Con la sentenza in oggetto, la Corte ha dichiarato non fondate, nei sensi di cui in
motivazione, le questioni di legittimità costituzionale sollevate dal GIP del Tribunale di
Modena, in riferimento agli artt. 3 e 13 Cost., nei riguardi dell’art. 282-ter, commi 1 e 2,
cod. proc. pen., come modificato dalla legge n. 168 del 2023 (“nuovo codice rosso”). Ad
avviso dei giudici, il braccialetto elettronico è uno strumento funzionale alla tutela
delle persone vulnerabili rispetto ai reati di genere, e che la distanza minima di 500
metri corrisponde alla finalità pratica del tracciamento di prossimità, quella di dare
uno spazio di tempo sufficiente alla persona minacciata per trovare sicuro riparo e alle
forze dell’ordine per intervenire in soccorso.

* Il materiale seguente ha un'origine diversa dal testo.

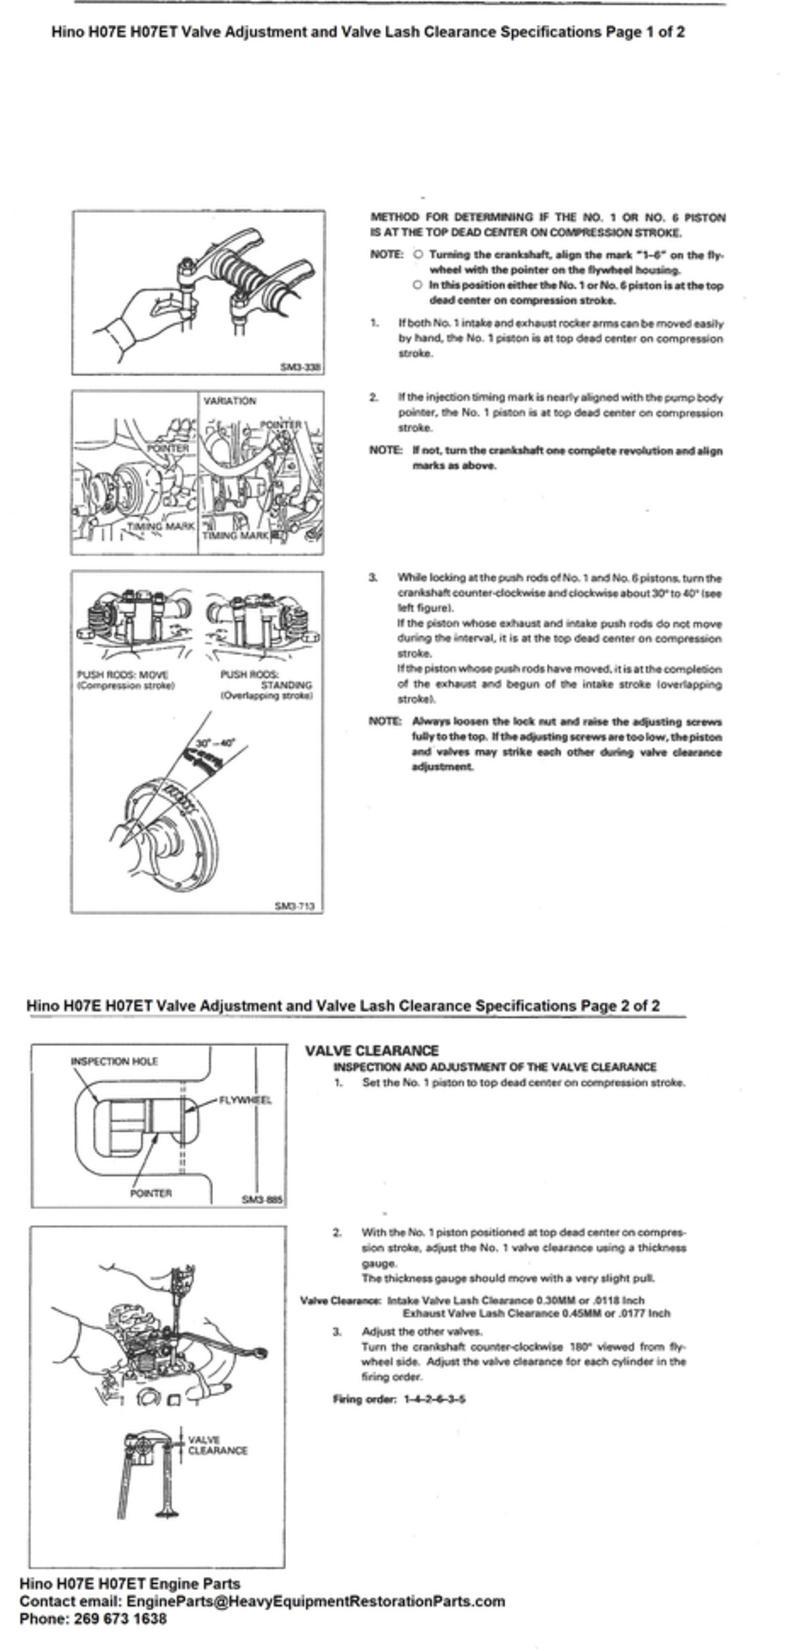 Hino Engine Parts - Hino H07E H07ET, Valve Adjustment

Nello specifico, la Corte ha affermato che
«a un sacrificio relativamente sostenibile per l’indagato si contrappone l’impellente
necessità di salvaguardare l’incolumità della persona offesa, la cui stessa vita è messa a
rischio dall’imponderabile e non rara progressione dal reato-spia (tipicamente lo
stalking) al delitto di sangue»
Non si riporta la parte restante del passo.